September 26, 2022 Jeremy Fisher and Dr Gillyanne Kayes with Petra Borzynski Season 6 Episode 4
This Is A Voice
Somatic exercises, trauma, nerves & polyvagal theory with Petra Borzynski
Show Notes Transcript

Petra Borzynski, singer, cognitive behavioural therapist & somatic vocal coach, is back with Gillyanne and Jeremy for more wisdom on dealing with emotion.

Teacher boundaries, the difference between trauma and emotional discomfort, and why you don't need to be your student's therapist.

There are questions on somatic exercises for performance nerves, and Jeremy shares what he did to deal with the extreme nerves in his workshop at the PEVoC conference last month.

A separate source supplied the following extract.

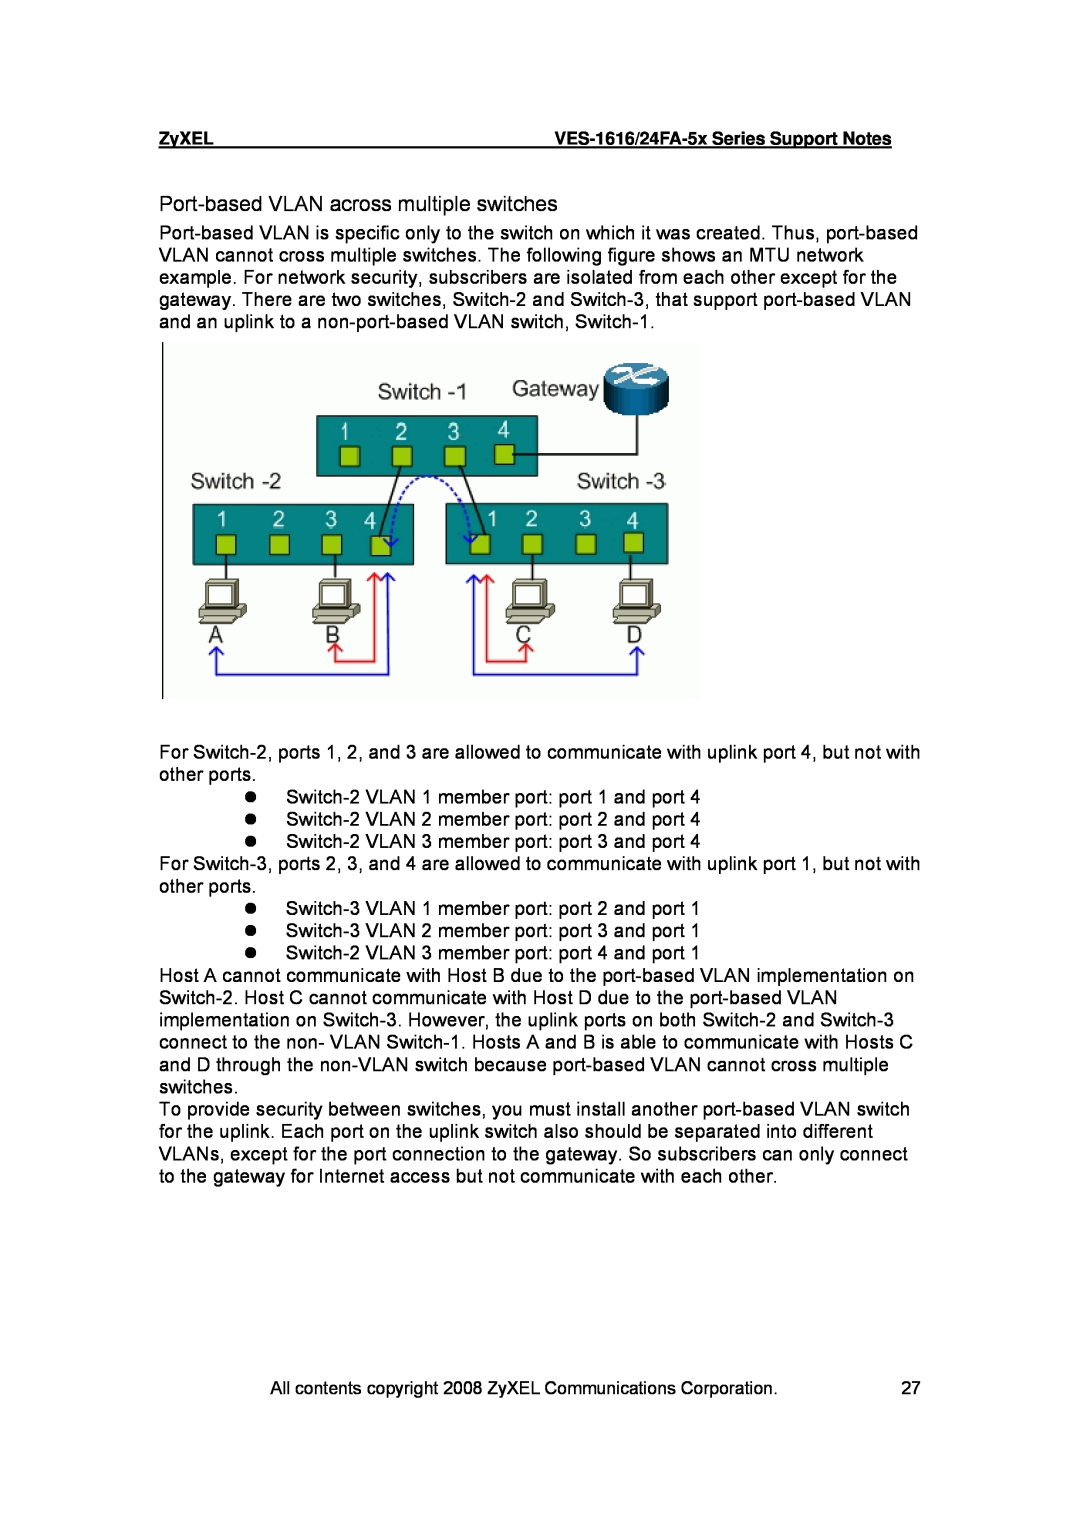 ZyXEL Communications VES-1616 manual z Switch-2 VLAN 1 member port port 1 and port

And a question on which exercises might stimulate the vagus nerve, and a discussion on polyvagal theory.

Also why you don't need to be an expert in every field (and what Jeremy thinks causes that problem). And building a network of like-minded experts around you.

It's an incredibly deep and useful episode for singing teachers, singers and performers alike.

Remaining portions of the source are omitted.